- Data for this task

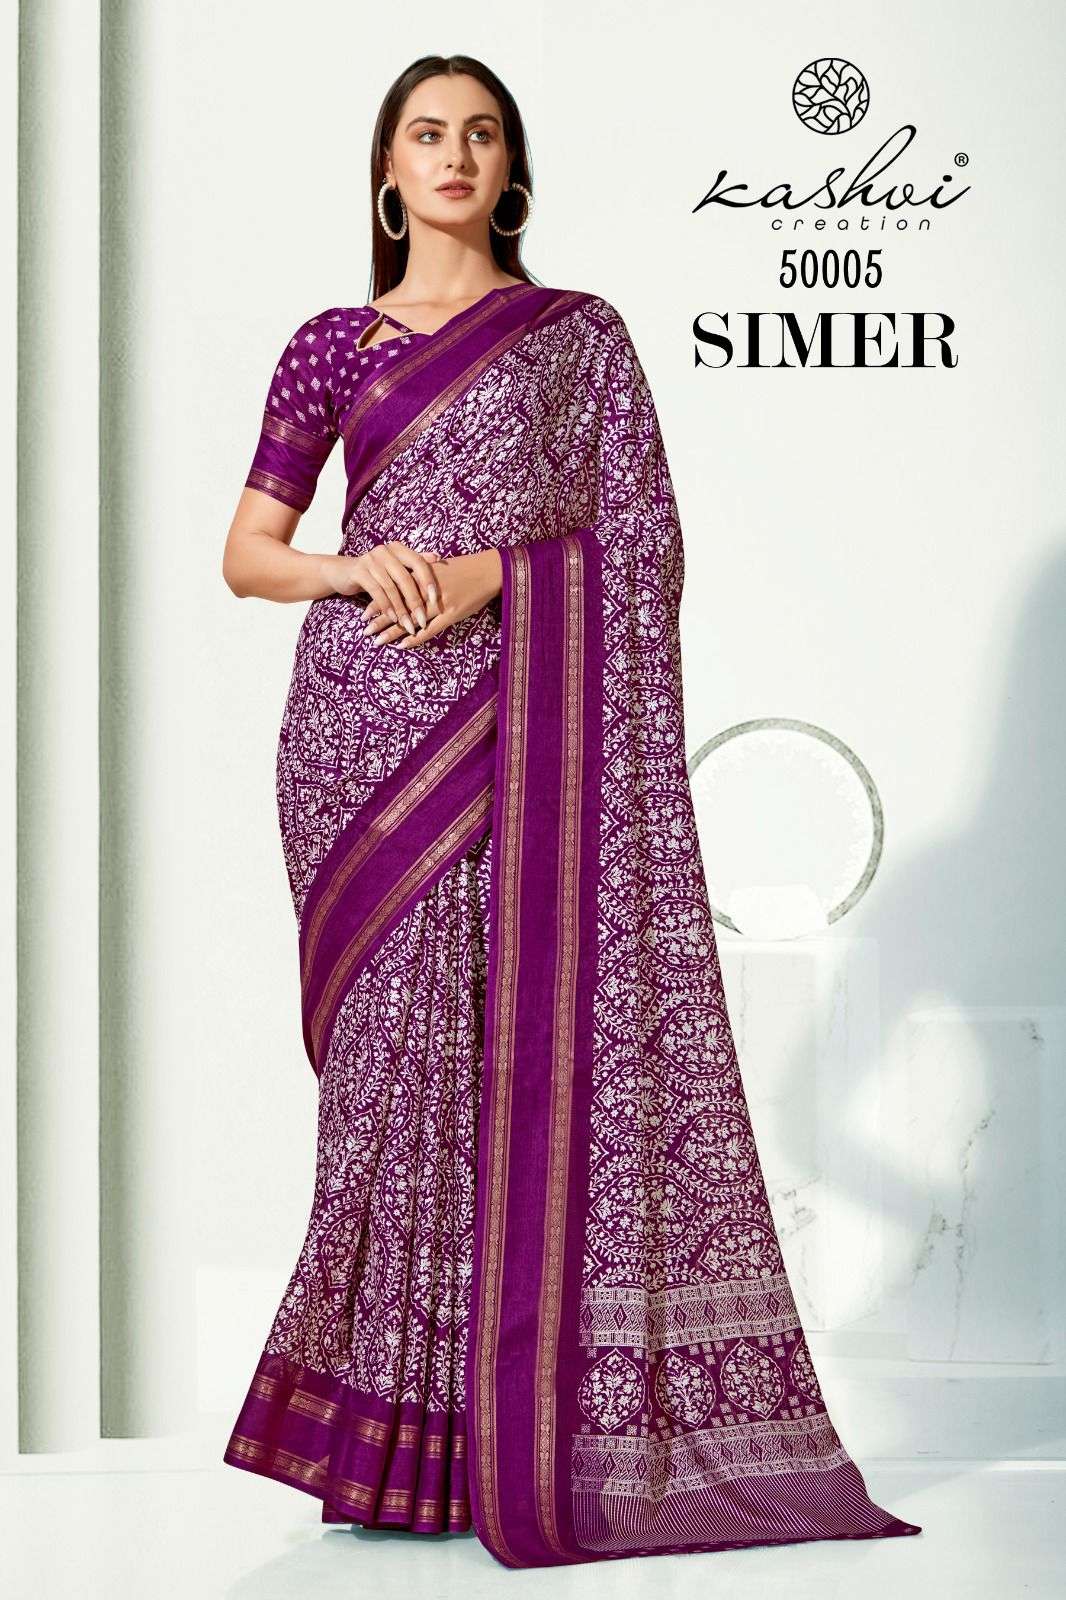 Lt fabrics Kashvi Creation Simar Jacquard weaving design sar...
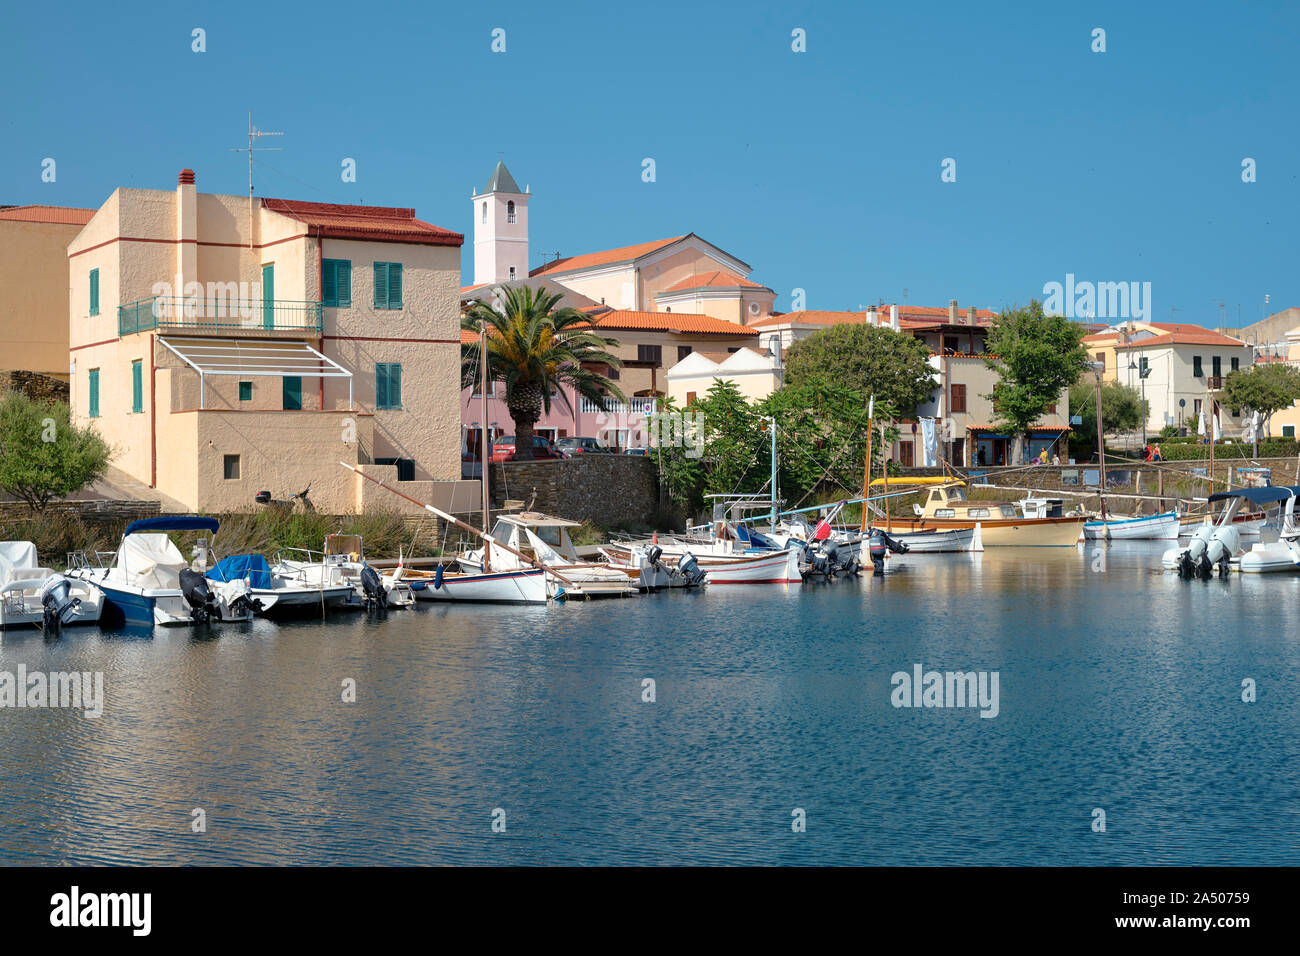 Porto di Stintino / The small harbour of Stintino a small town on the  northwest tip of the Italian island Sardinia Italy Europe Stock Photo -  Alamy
* * *
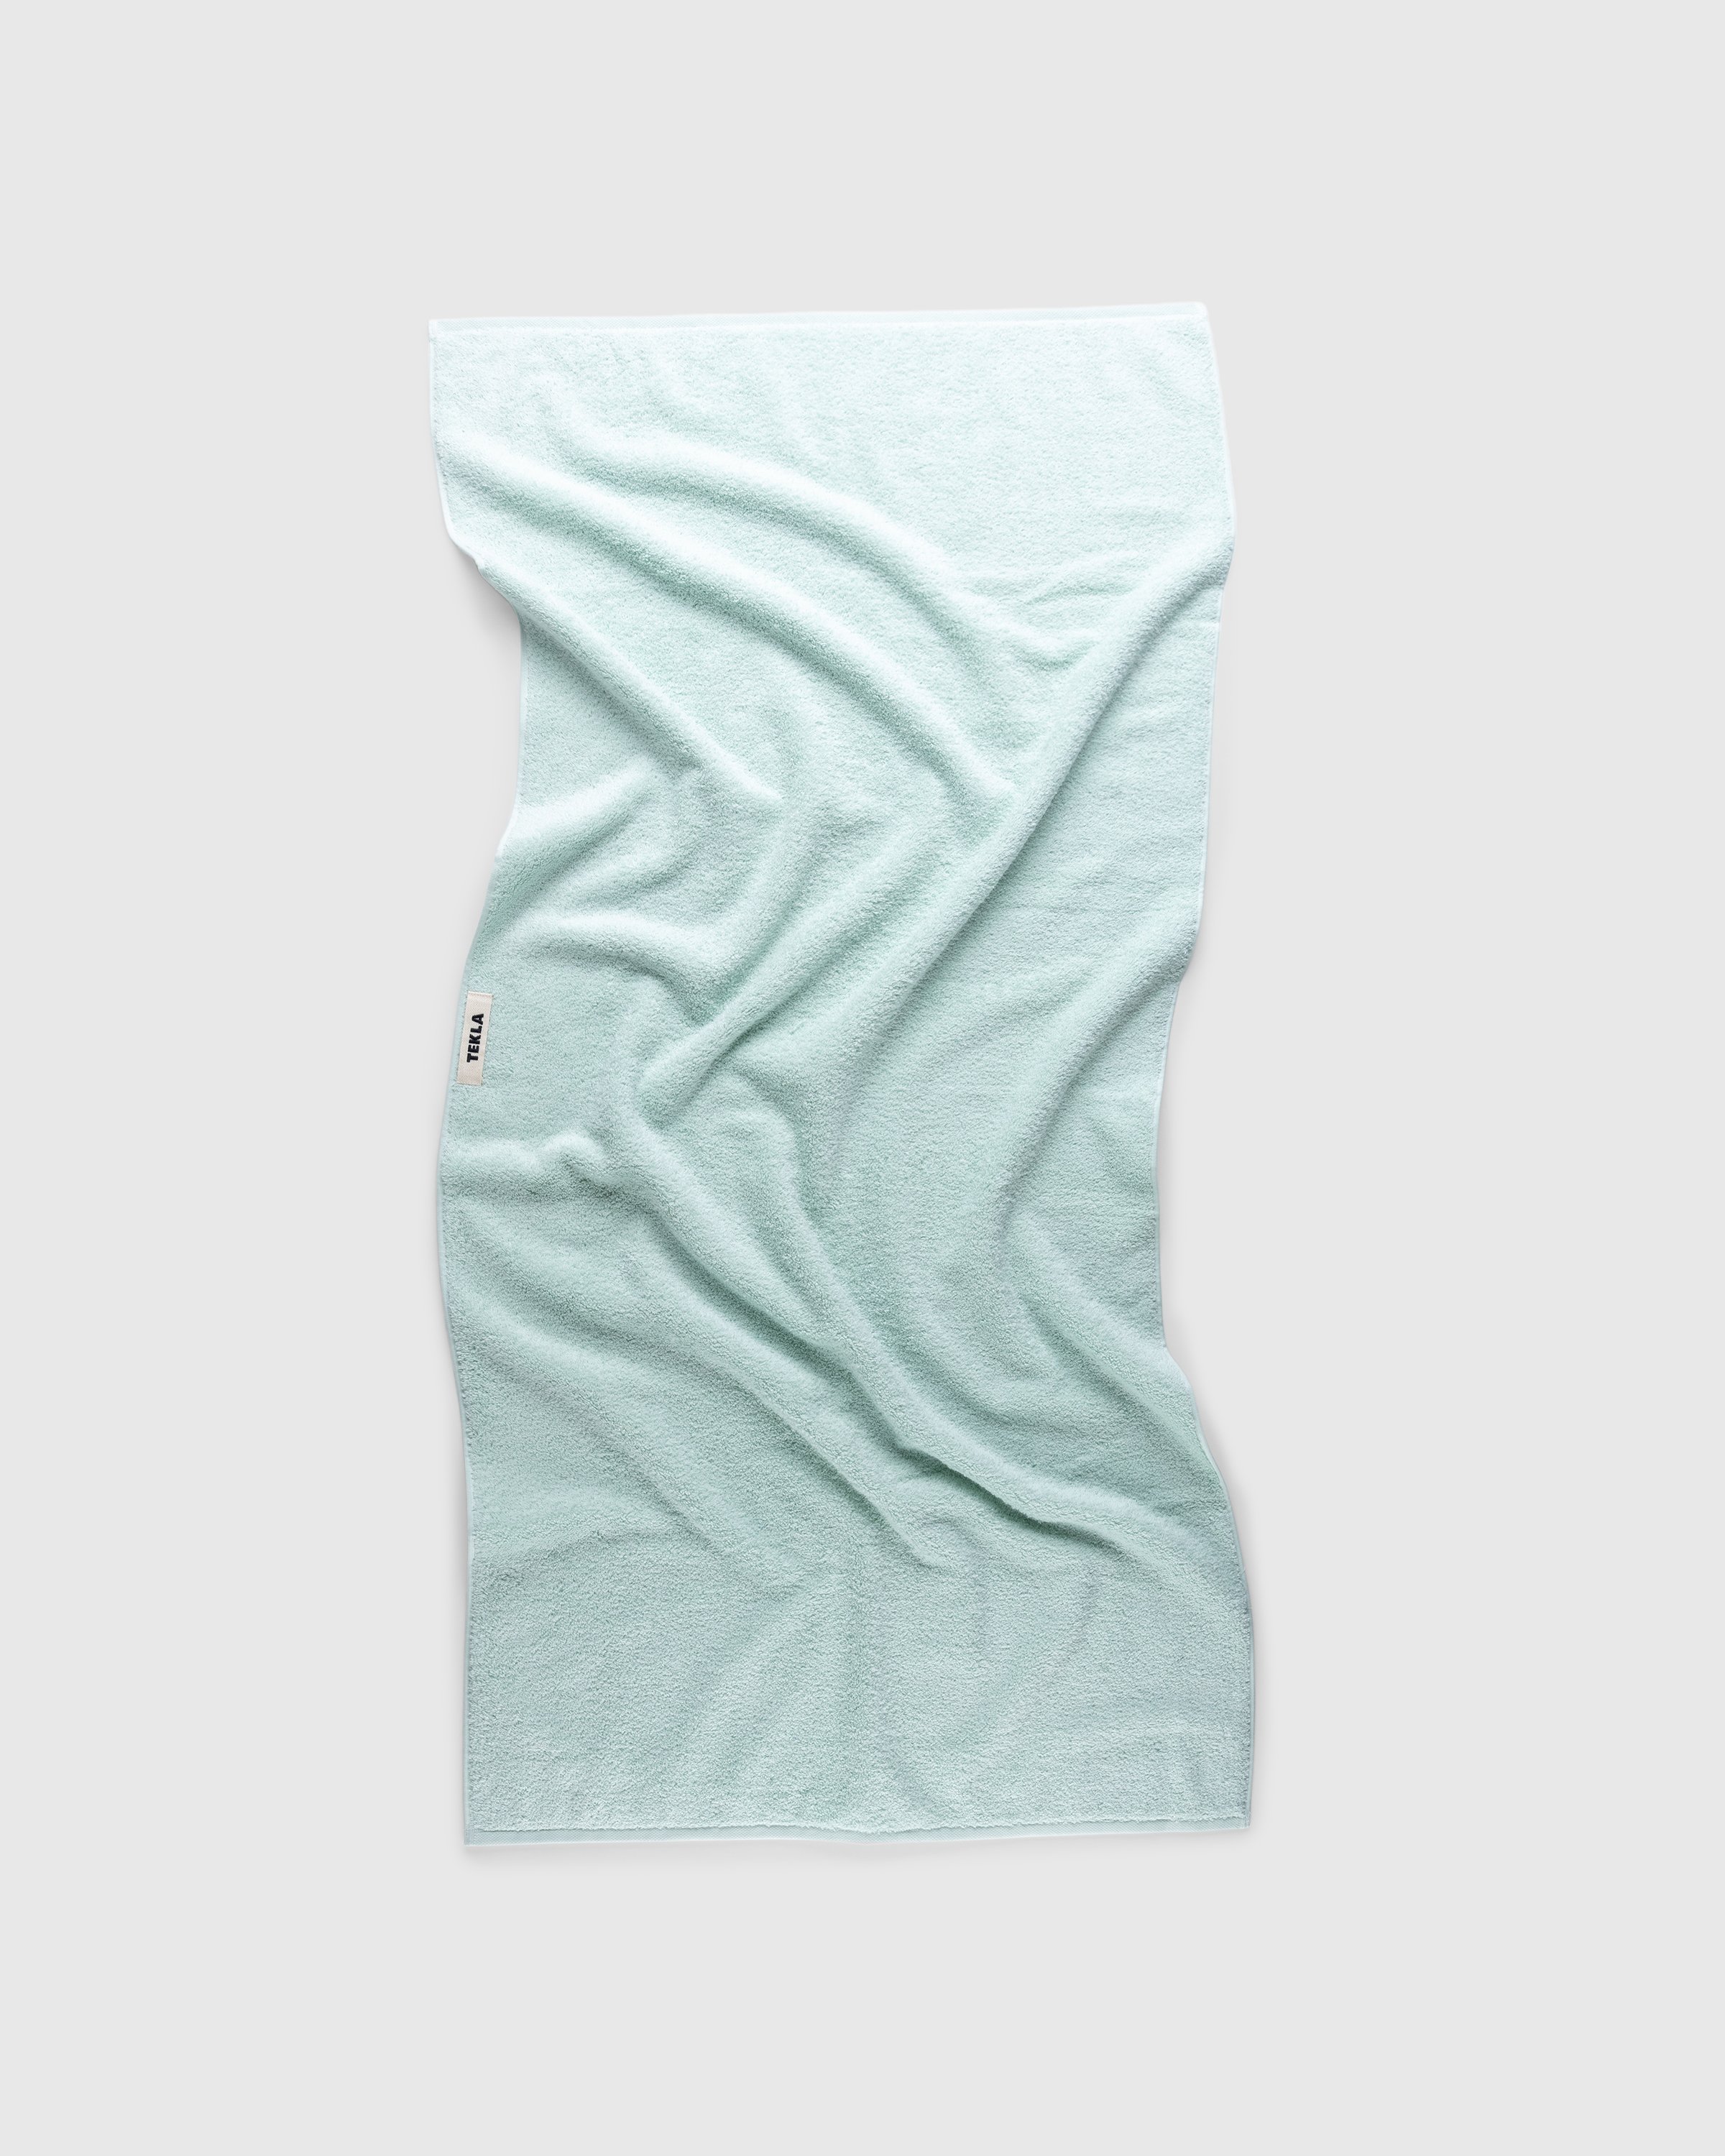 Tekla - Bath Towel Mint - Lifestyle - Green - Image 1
* * *
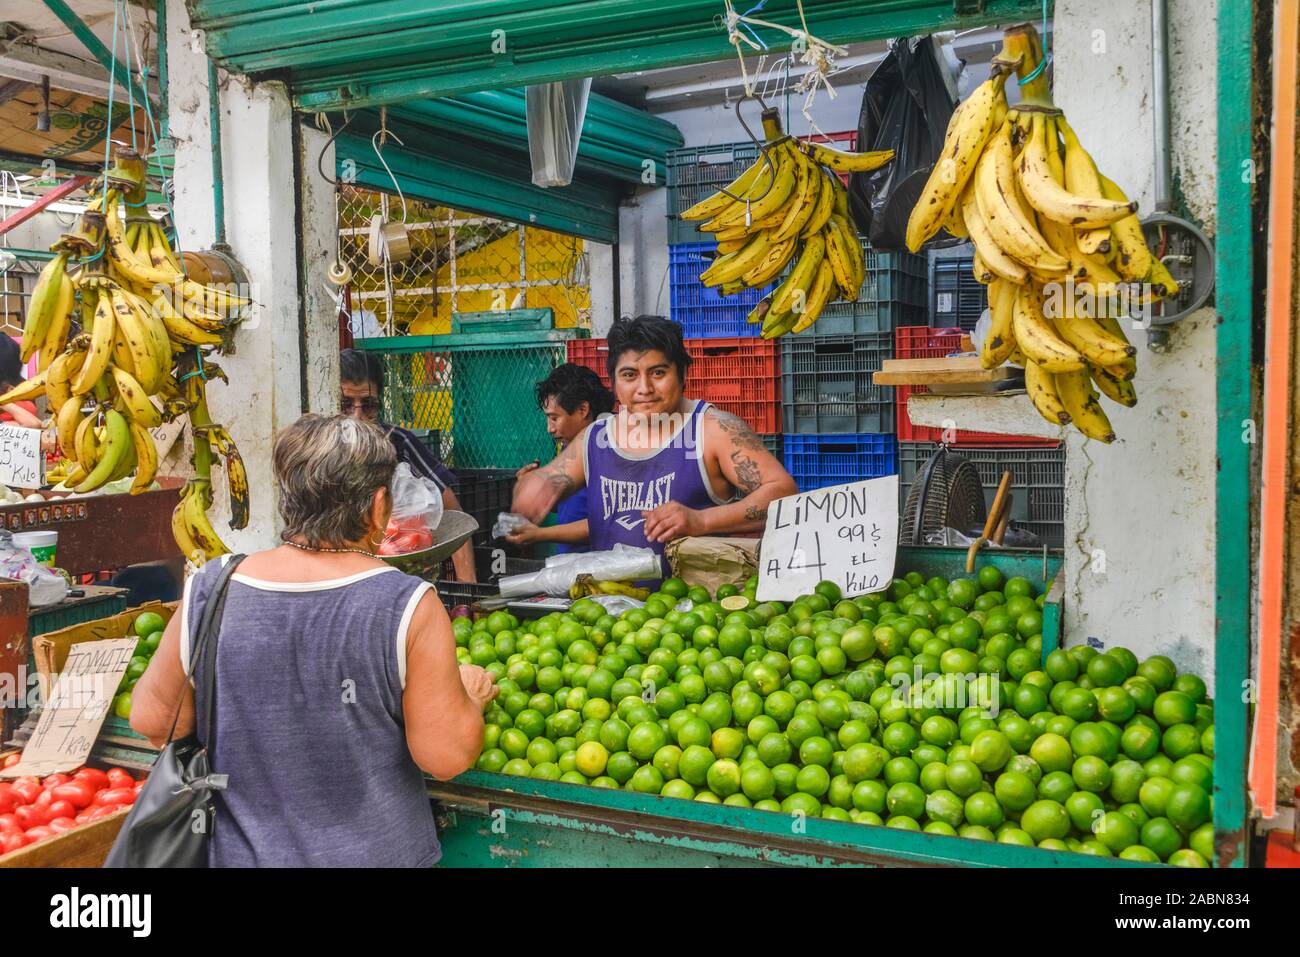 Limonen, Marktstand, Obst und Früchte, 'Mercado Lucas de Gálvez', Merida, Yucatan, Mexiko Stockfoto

- Description of the task
Only one part of the listing is wanted: the lines from the one containing "Lt fabrics Kashvi" through the one containing "Porto di Stintino", both included. Please transcribe it exactly, leaving out the pictures.

- Solved exercise
 Lt fabrics Kashvi Creation Simar Jacquard weaving design sar...
 Porto di Stintino / The small harbour of Stintino a small town on the  northwest tip of the Italian island Sardinia Italy Europe Stock Photo -  Alamy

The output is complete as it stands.